*Excerpted records*:
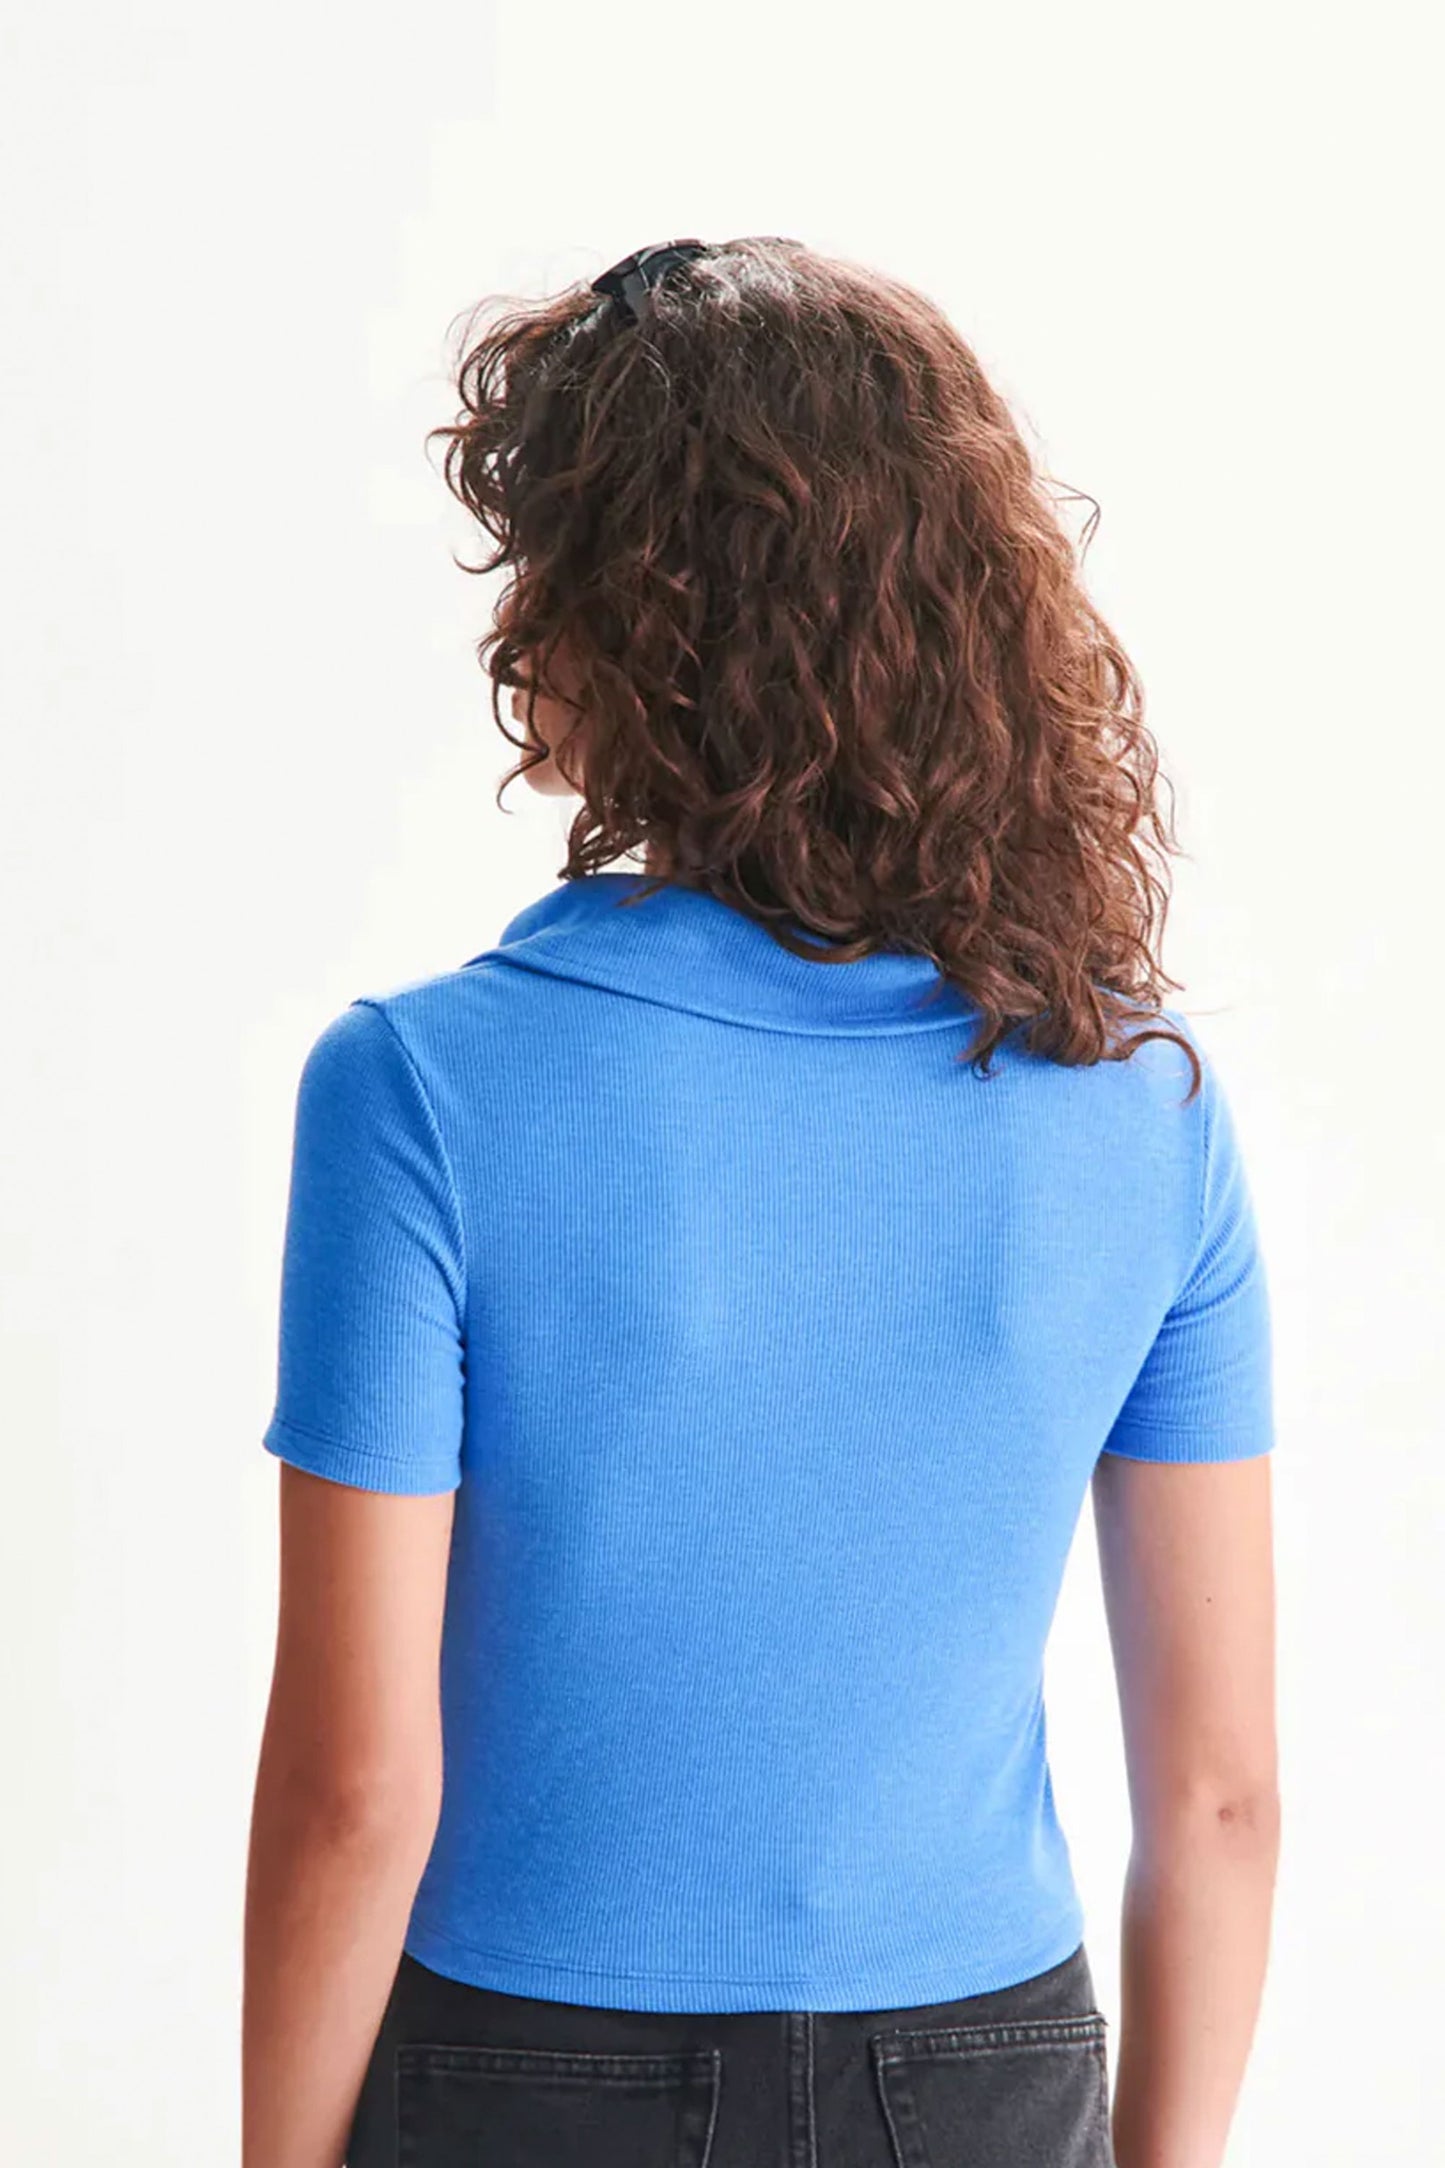 Pukas-Surf-Shop-woman-top-24colours-t-shirt-blue
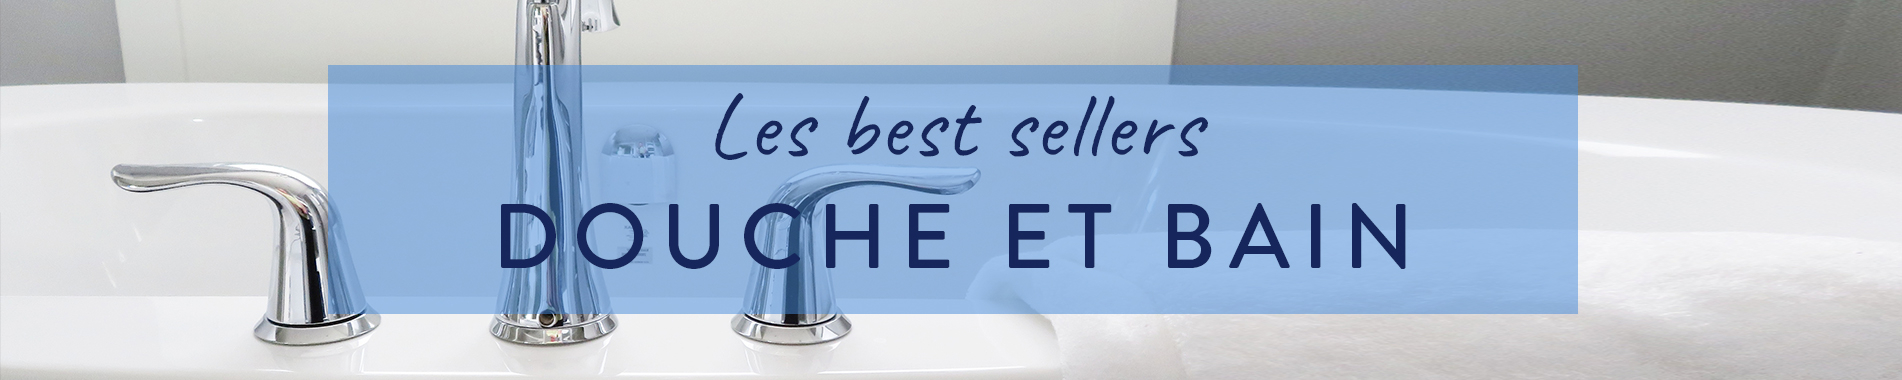 Best sellers  : Les meilleures ventes de soins pour la douche et le bain en parapharmacie
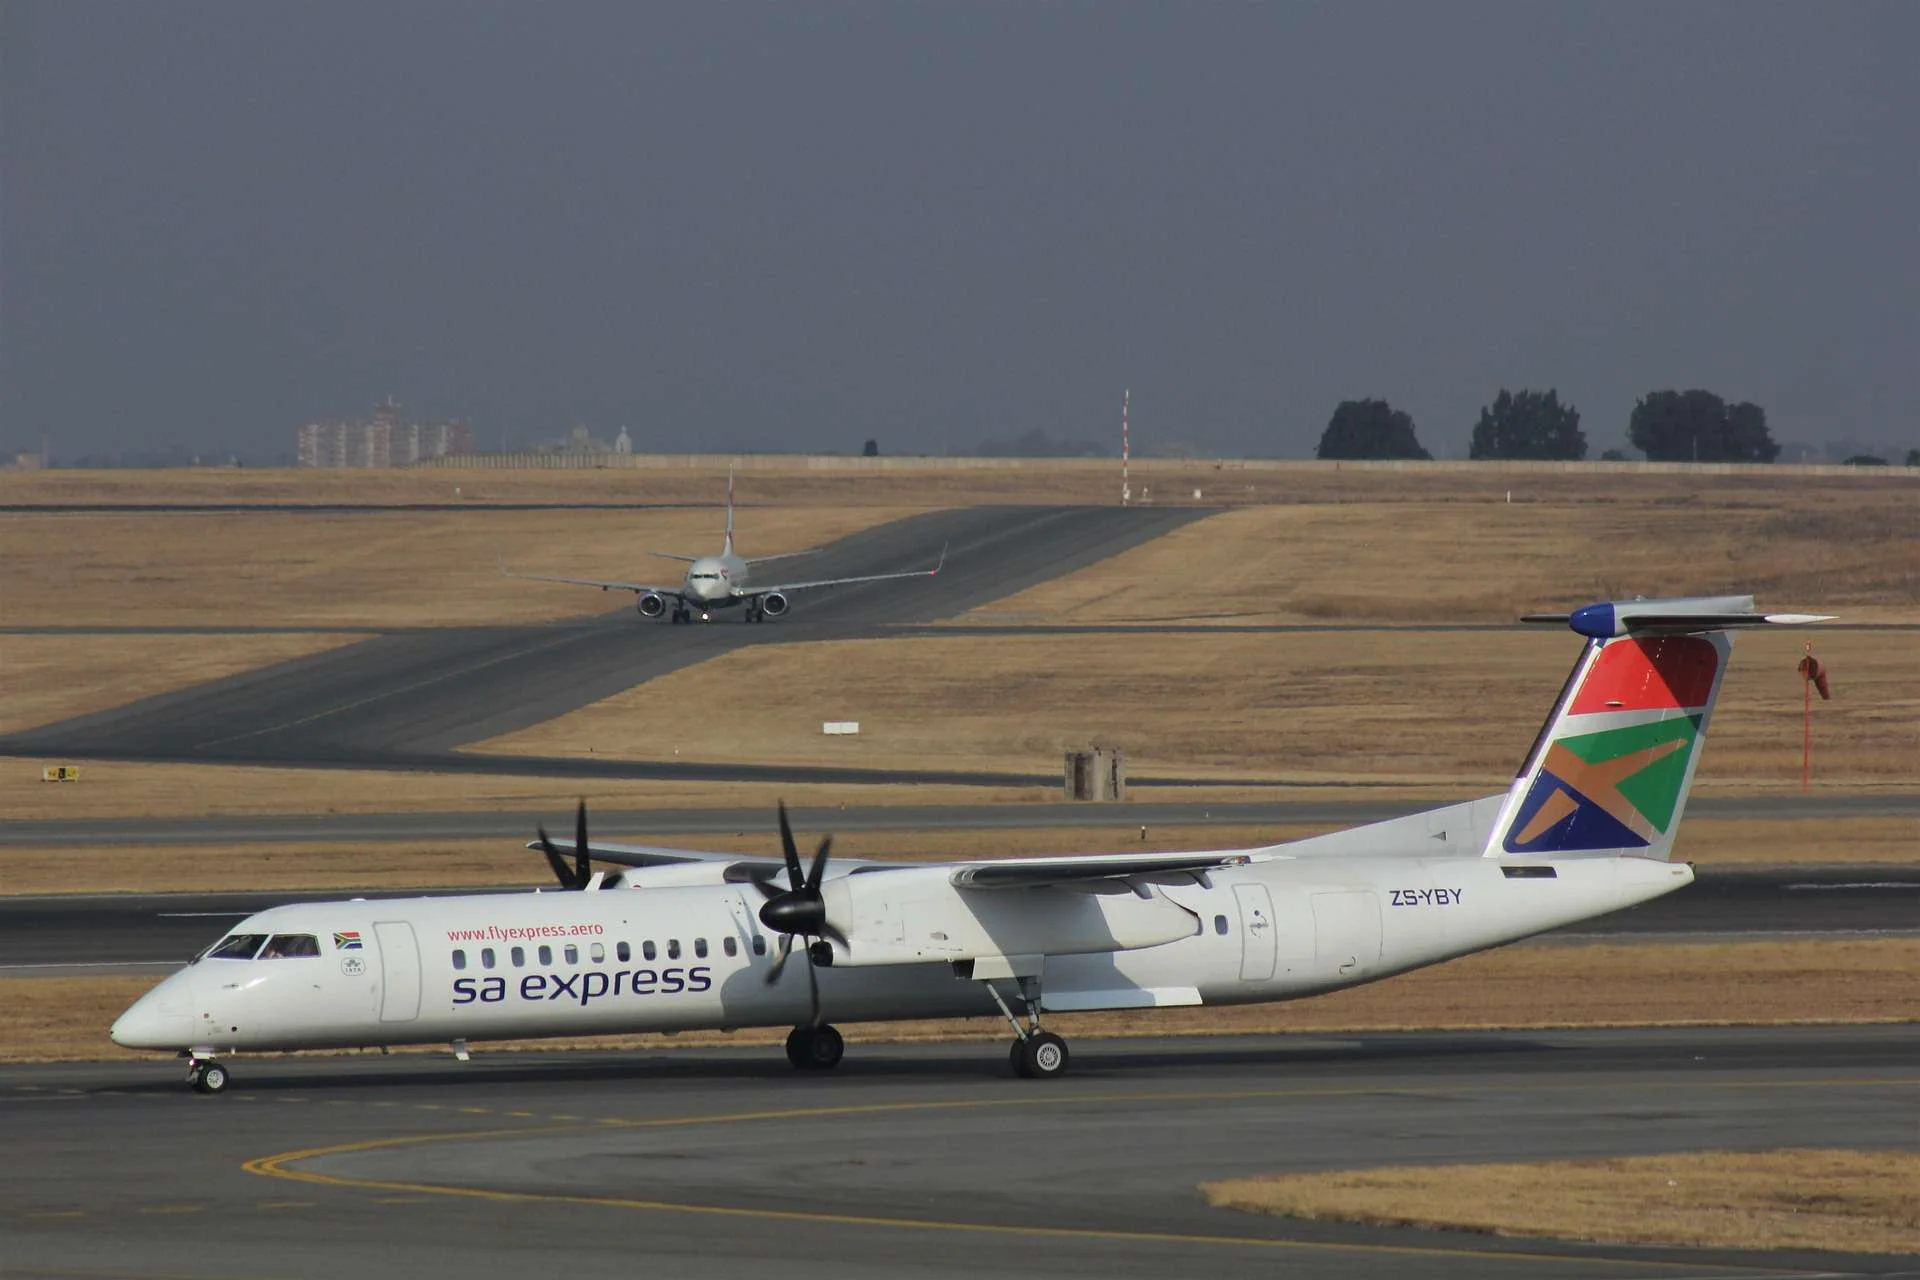 SA Express Plane at airport
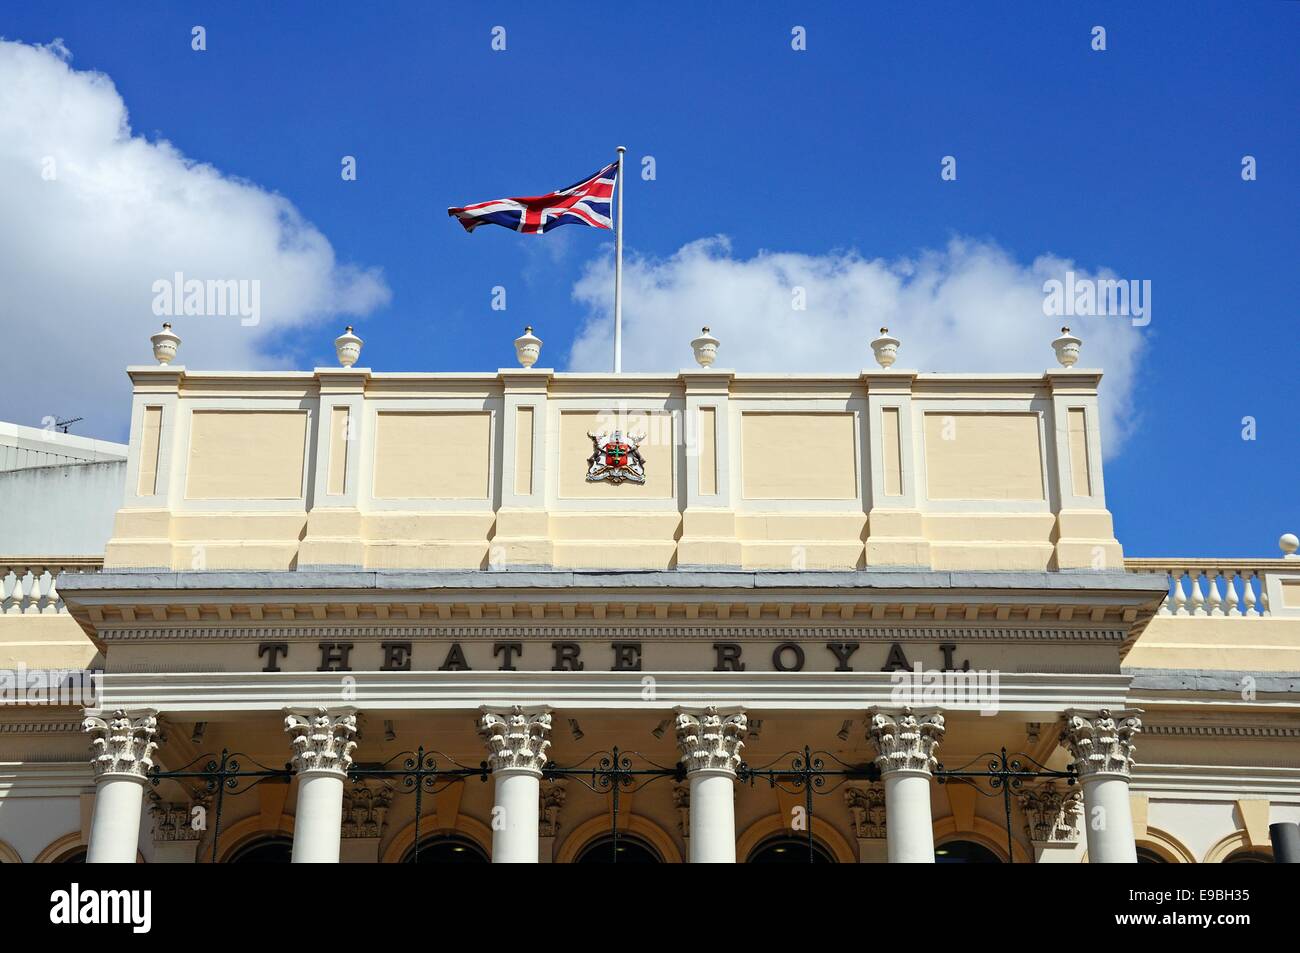 Nombre distintivo y un escudo en la fachada del Teatro Real, la Plaza del Teatro, Upper Parliament Street, Nottingham, Inglaterra, Reino Unido. Foto de stock
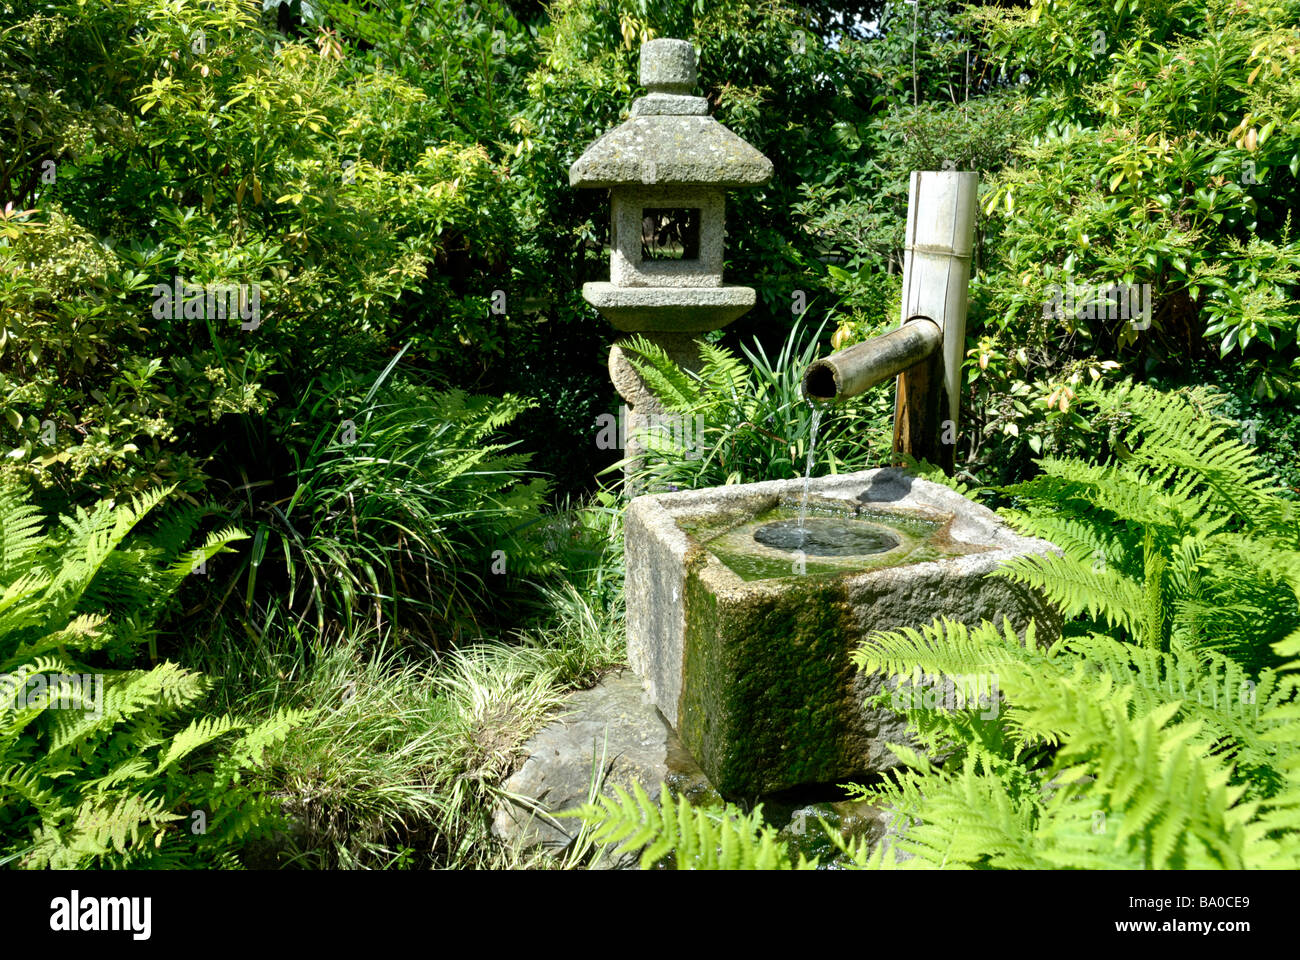 Voir d'eau entouré de feuillage aux Jardins botaniques royaux de Kew, Londres, Angleterre Banque D'Images

*Aim of the exercise*: Since only the text is wanted, repeat all the records above exactly and omit the pictures.

*The answer*:
 Pukas-Surf-Shop-woman-top-24colours-t-shirt-blue
 Best sellers  : Les meilleures ventes de soins pour la douche et le bain en parapharmacie
 SA Express Plane at airport
 Nombre distintivo y un escudo en la fachada del Teatro Real, la Plaza del Teatro, Upper Parliament Street, Nottingham, Inglaterra, Reino Unido. Foto de stock
 Voir d'eau entouré de feuillage aux Jardins botaniques royaux de Kew, Londres, Angleterre Banque D'Images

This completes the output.